Another failure mode is misinterpreting node readiness. The Kubernetes node status does not include a GPU not ready condition. The standard conditions are Ready, MemoryPressure, DiskPressure, and PIDPressure. GPU readiness is determined by the status.capacity.nvidia.com/gpu field. If this field is zero, the node cannot schedule GPU pods. If the DCGM Exporter fails to scrape the GPU, the capacity remains zero, but the node status remains Ready. The pod will stay Pending. The operator must check the exporter logs, not the node conditions, to diagnose this.
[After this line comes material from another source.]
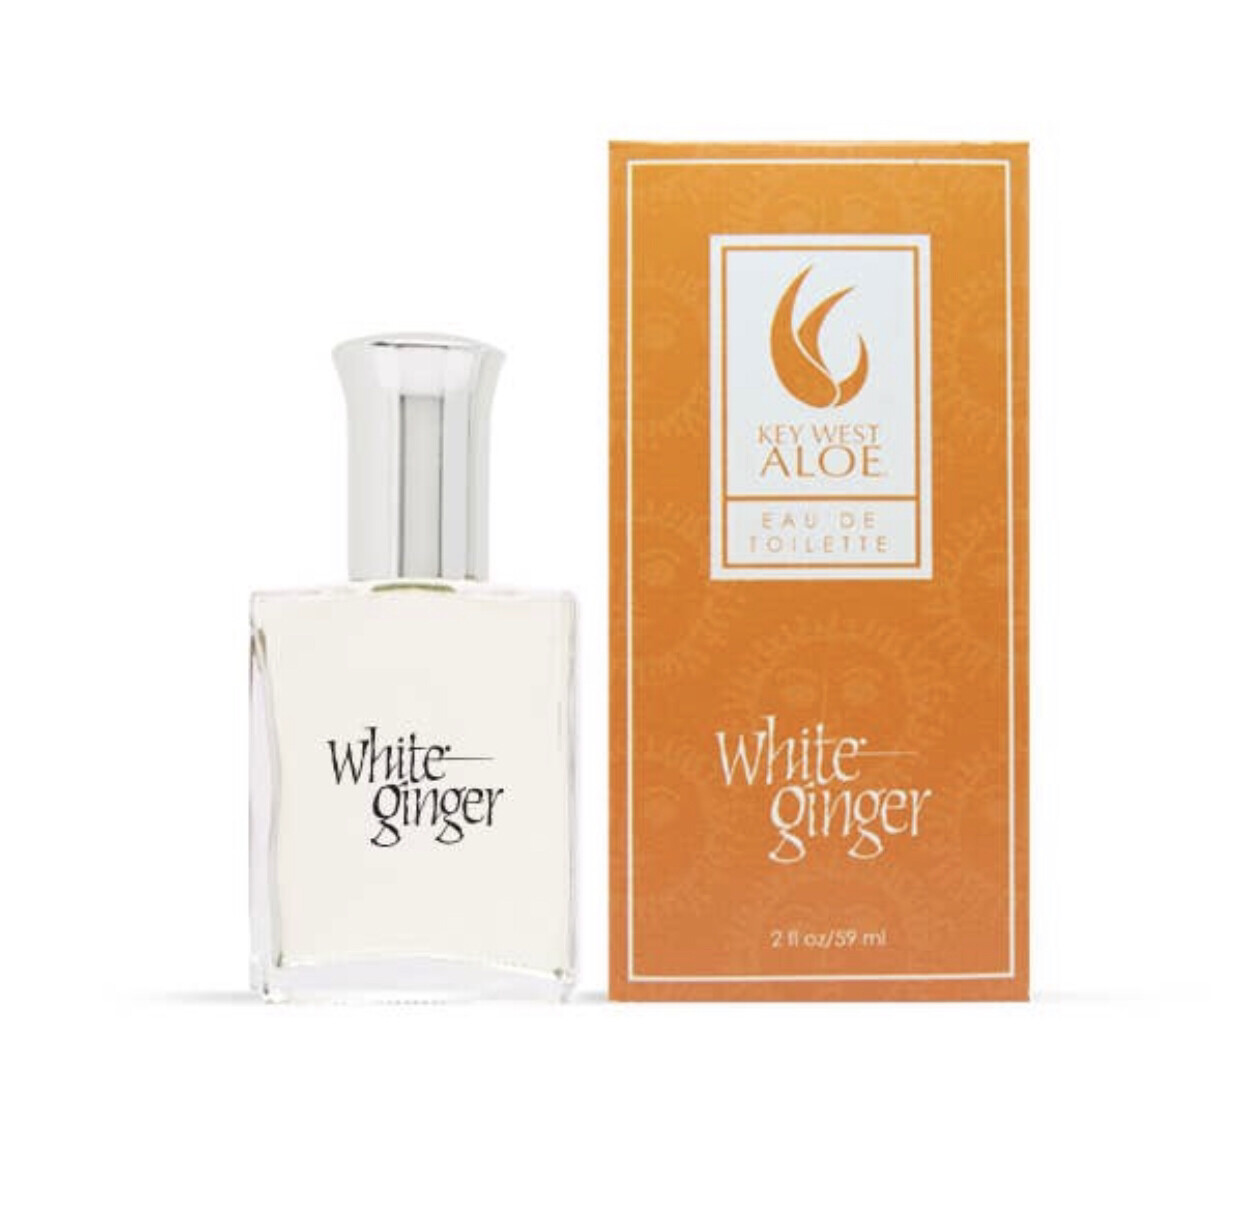 2oz White Ginger Perfume

A third failure mode is confusing utilization with occupancy. DCGM_FI_DEV_GPU_UTIL measures time during which at least one kernel was active. DCGM_FI_DEV_SM_OCCUPANCY measures the percentage of active streaming multiprocessors. A workload can have high utilization but low occupancy if it is memory-bound. The GPU is waiting for data, not computing. Relying solely on utilization metrics can lead to incorrect scaling decisions. If utilization is low but latency is high, the bottleneck is memory bandwidth, not compute power. Scaling up the cluster will not fix the latency.

Decision frame

The next time a GPU pod stays Pending or a node shows high latency, the question is not “is the GPU broken.” It is “which metric tells me the GPU is waiting.” Check DCGM_FI_DEV_GPU_UTIL first. If it is low, check DCGM_FI_DEV_FB_USED for memory saturation. If memory is free, check DCGM_FI_DEV_CLOCKS_THROTTLE_REASONS for thermal limits. The signal is in the rate of change, not the absolute value. A sudden spike in DCGM_FI_DEV_XID_ERRORS requires a node drain. A gradual rise in temperature requires a cooling audit. The metric names are fixed, but the operational response depends on the trend.